(Source data)

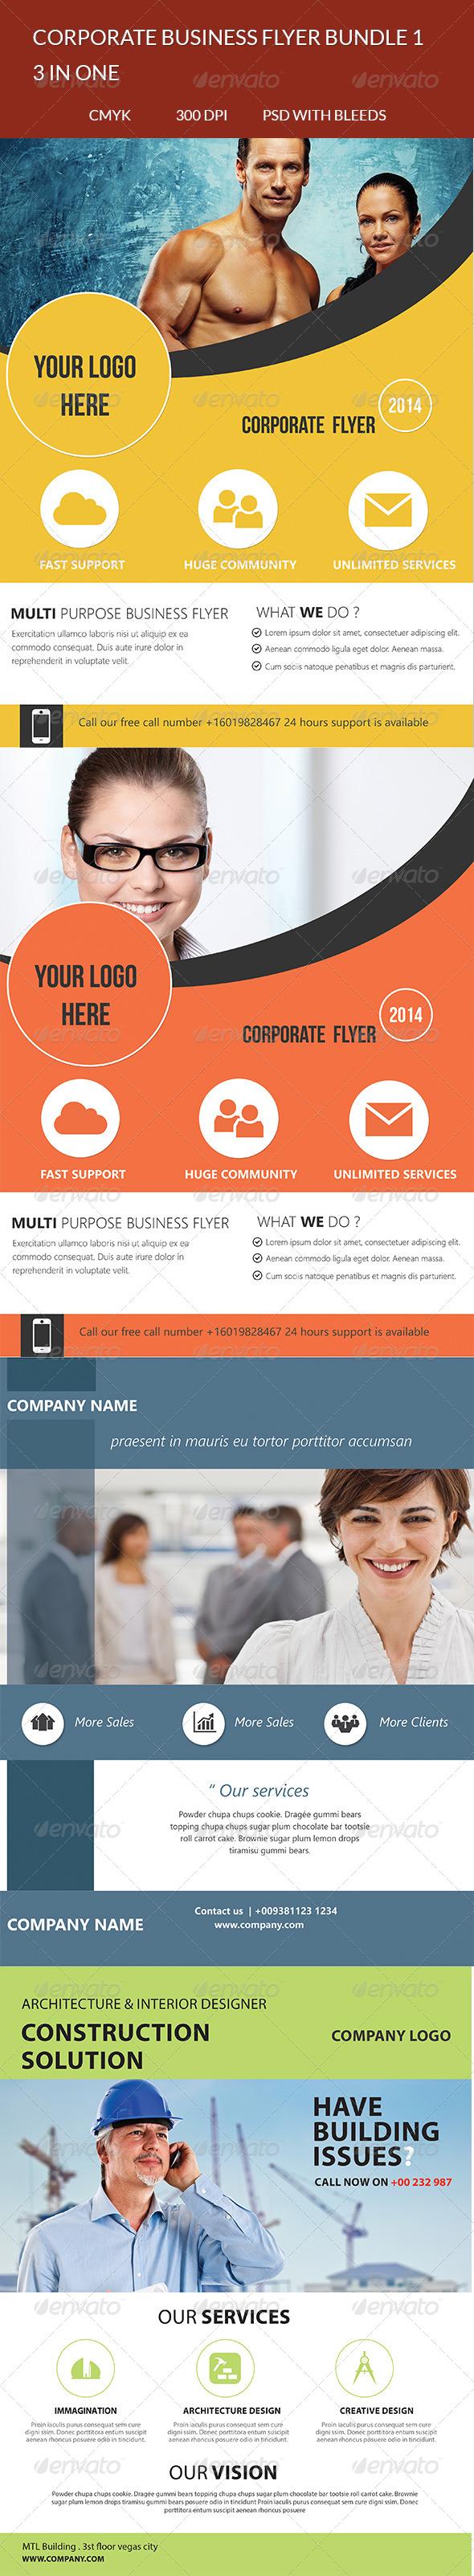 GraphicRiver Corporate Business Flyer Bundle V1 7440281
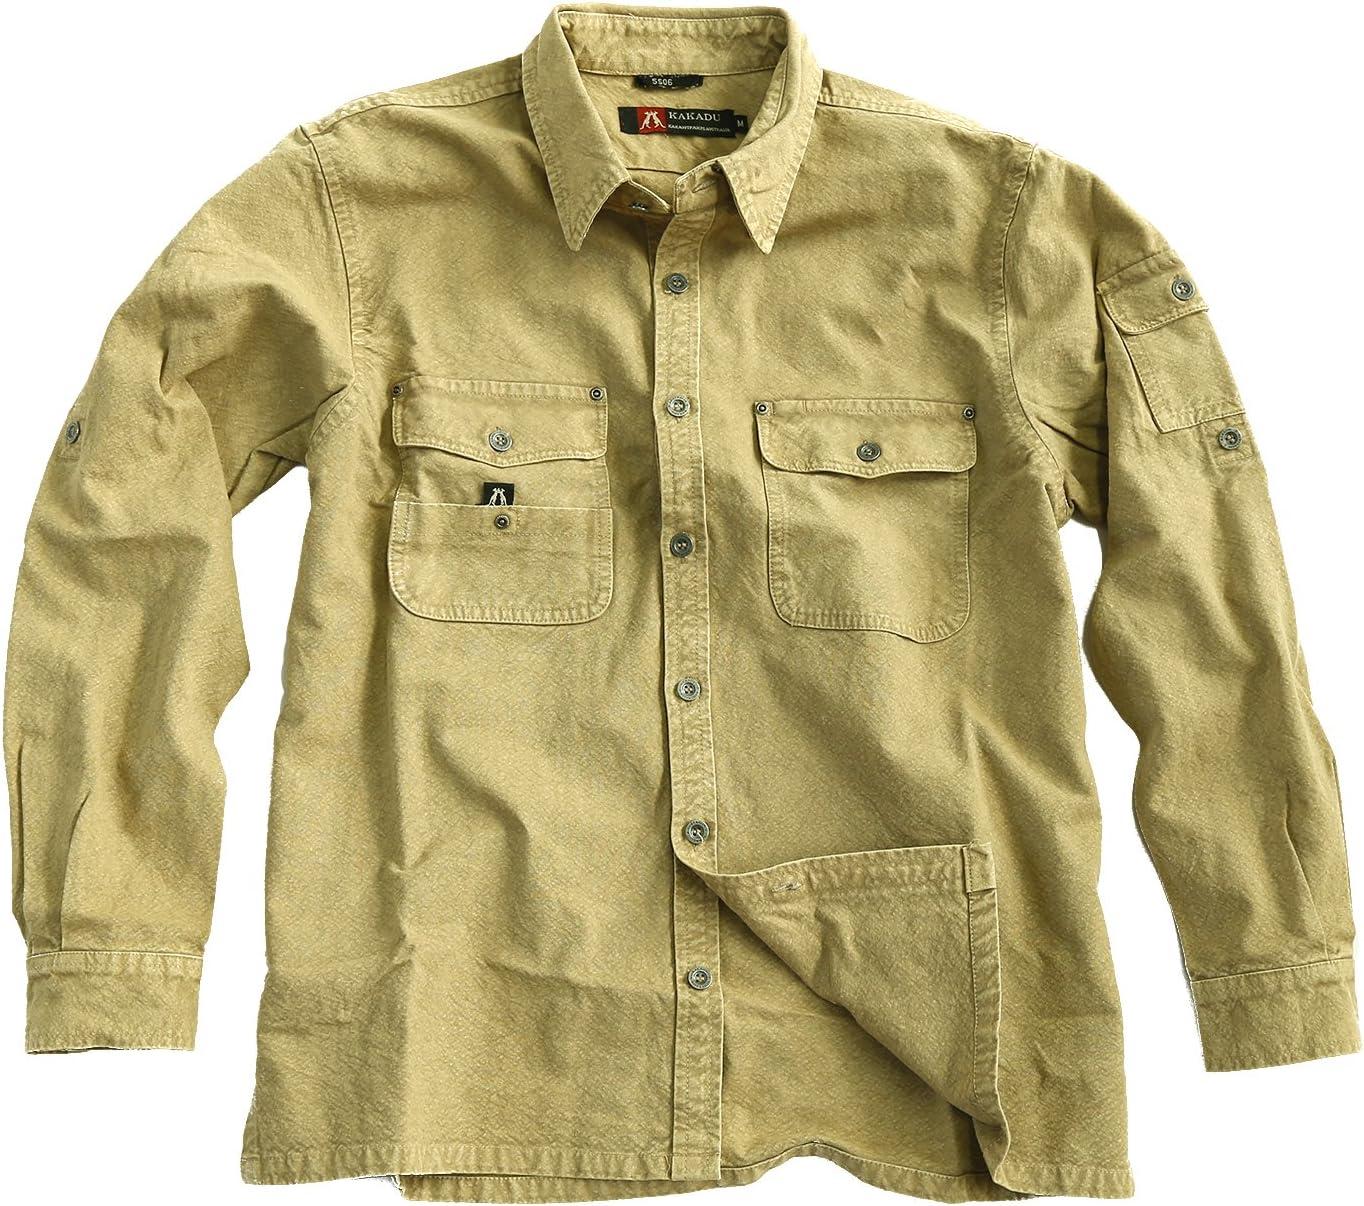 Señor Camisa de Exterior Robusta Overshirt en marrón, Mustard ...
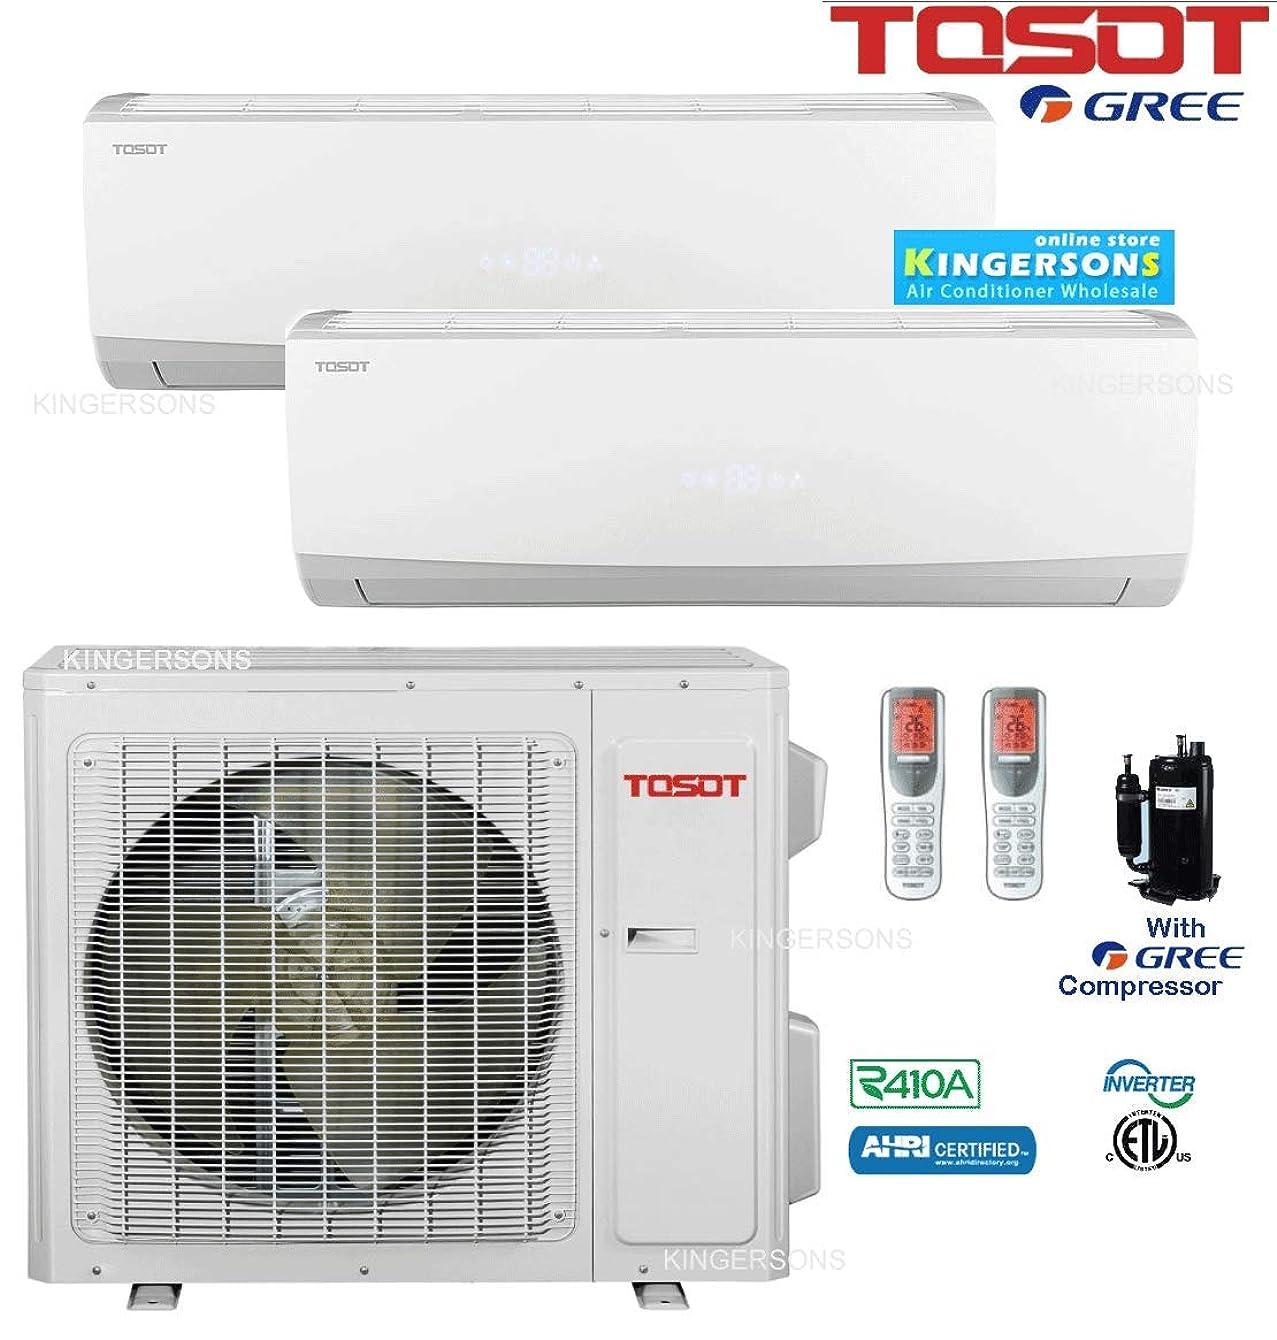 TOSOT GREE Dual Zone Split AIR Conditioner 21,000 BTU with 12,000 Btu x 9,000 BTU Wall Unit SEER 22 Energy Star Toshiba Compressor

(End Source data)

◆ **Prompt**
Every line of the data above is to be repeated exactly; the images are to be left out.

◆ **Task output**
 GraphicRiver Corporate Business Flyer Bundle V1 7440281
 Señor Camisa de Exterior Robusta Overshirt en marrón, Mustard ...
 TOSOT GREE Dual Zone Split AIR Conditioner 21,000 BTU with 12,000 Btu x 9,000 BTU Wall Unit SEER 22 Energy Star Toshiba Compressor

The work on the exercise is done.